In this work, we look toward improving the classification accuracy obtained when using LSTM to identify server failure through feature engineering to deal with irregularly sampled data. One of the main challenges that we faced in this work was to deal with the high irregularity in which memory errors occur, as for many servers the memory errors occur for a long time before server failure, while for others the errors occur only a few seconds before failure. In our approach, to deal with this irregularity, we created a new feature describing the time interval in which memory errors occur. With our approach, we obtained satisfactory accuracy in identifying servers that failed and servers that did not fail.

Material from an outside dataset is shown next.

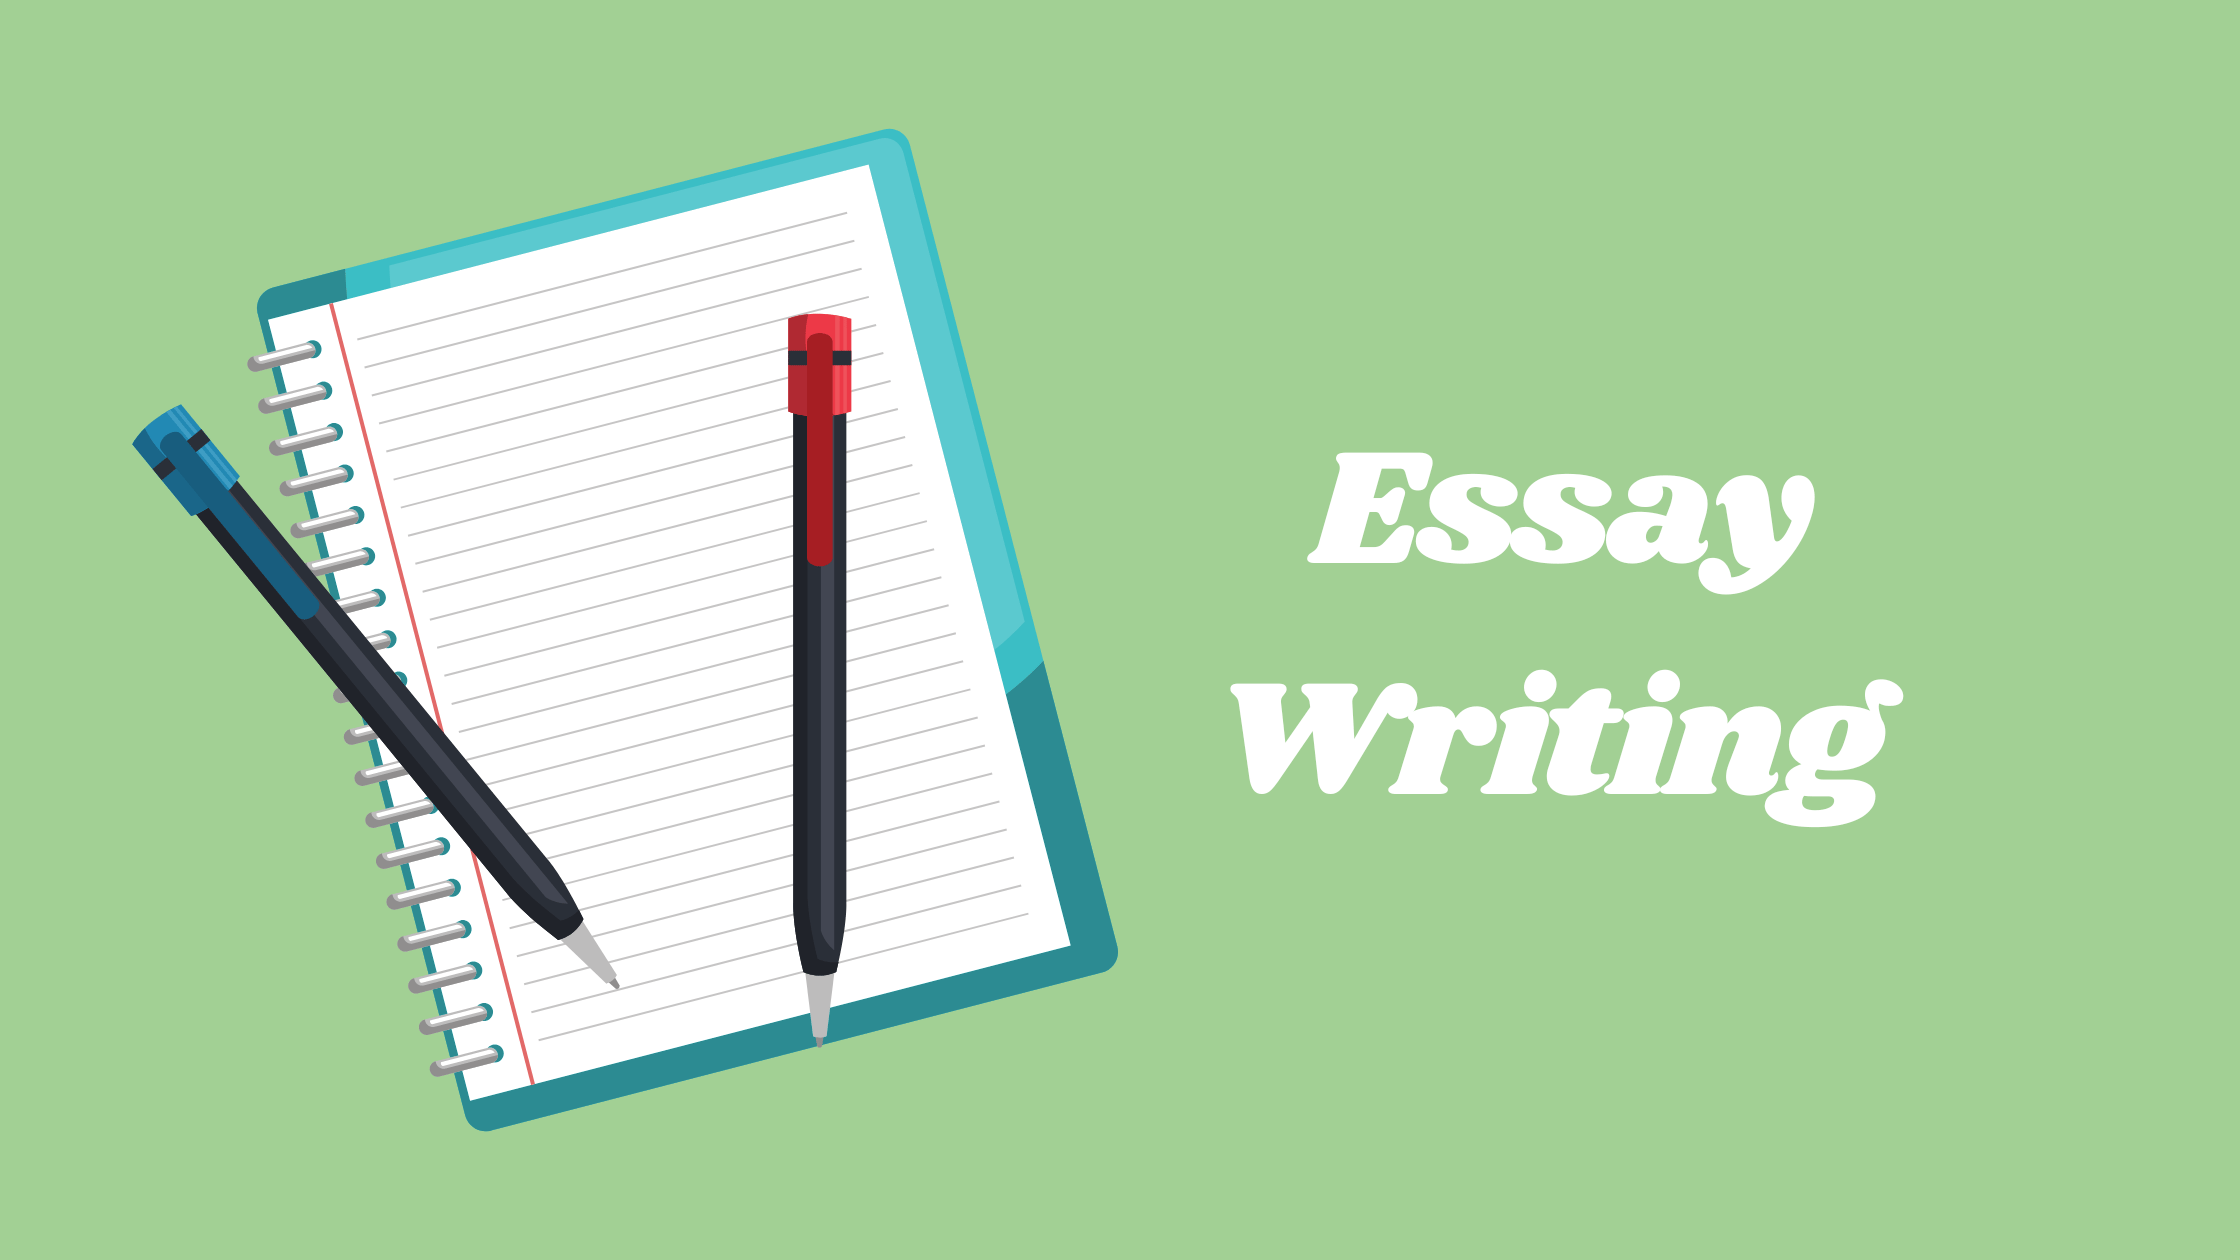 enhancing the coherence and readability of your essay
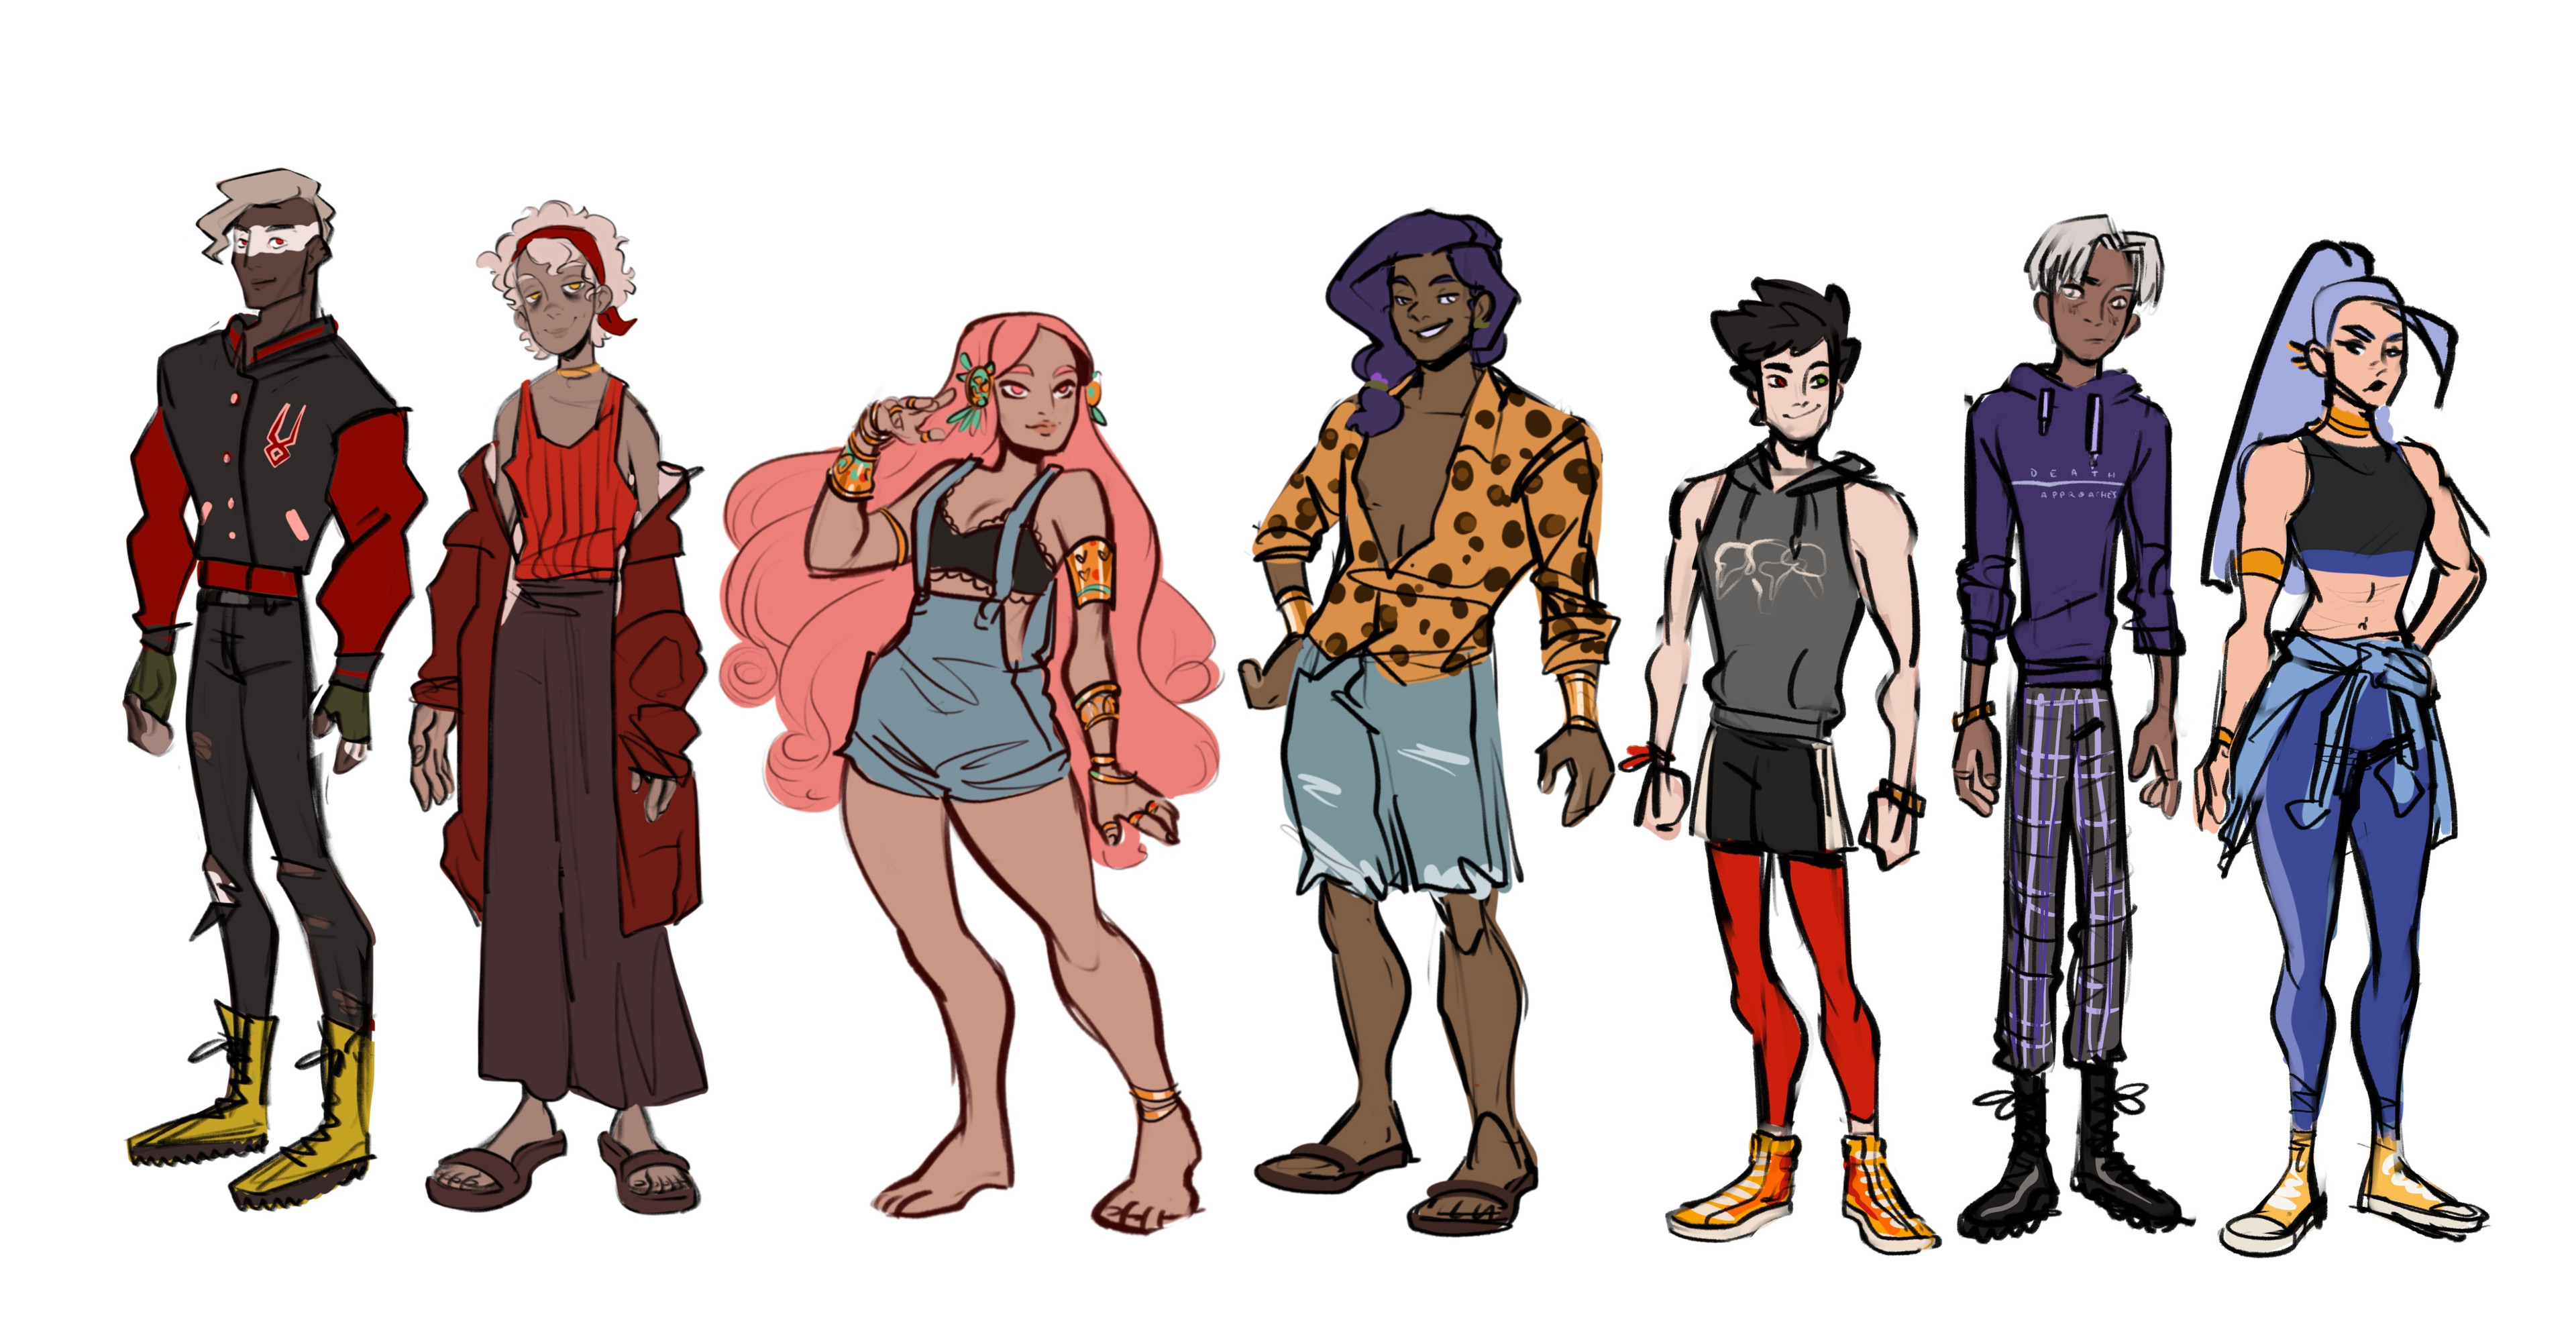 The line up for some of the characters who would appear in the comic, I ended up showing Artemis as well, but I had to make her design on the go since it was a last minute decision.

The remainder of this paper is divided as follows. Section 2 briefly reviews the related work. In Section 3 we describe the structure of the memory system and types of server failure caused by memory errors. Our approach to dealing with irregular sample data is presented in section 4. The experiments and the associated analysis are shown in Section 5. Finally, Section 6 concludes the paper and discusses the future directions.

## 2. RELATED WORK

Memory-related problems are one of the main causes of server failure in data centers. Therefore, an approach to predict server failure induced by memory errors is essential to allow for proactive hardware maintenance and migration of services to another server. Thus ensuring the continuous provisioning of services. Over the years, many works have been dedicated to proposing approaches to predict server failures, such as [Cheng et al. 2022; Meza et al. 2015; Bogatinovski et al. 2022; Yu et al. 2021; Du et al. 2020; Beigi et al. 2023; Yu et al. 2023; Sun et al. 2019].

The authors in [Cheng et al. 2022] investigated the application of several traditional machine learning methods in predicting server failure caused by memory errors. Their intention was to predict server failures within 5 minutes before the actual failure in other to allow for service migration. Some of the machine learning methods were Random Forests (RF) [Breiman 2001], Support Vector Machine (SVM), and Multilayer Perceptron (MLP). However, as observed in [Sun et al. 2019], these methods are usually better suited to deal with tabular data. Therefore, the authors generated features such as the number of errors, mean time between errors, mean, median, and standard deviation of the number of memory errors.

In [Bogatinovski et al. 2022], instead of predicting server failures, the authors focused on predicting memory hardware failure. The objective in predicting memory failure is to allow the maintenance team to proactively replace memory modules that are prone to failure. Therefore, they created a system to predict hardware failure three hours before the actual failure. By analyzing the memory position in which the memory errors occur, the authors concluded that memory errors in nearby memory positions are a strong indicator of memory failure. The authors also proposed a new set of features that can be incrementally calculated from the time series. The used method to identify hardware failure in memory modules were XGBoost [Chen and Guestrin 2016] and Random Forest.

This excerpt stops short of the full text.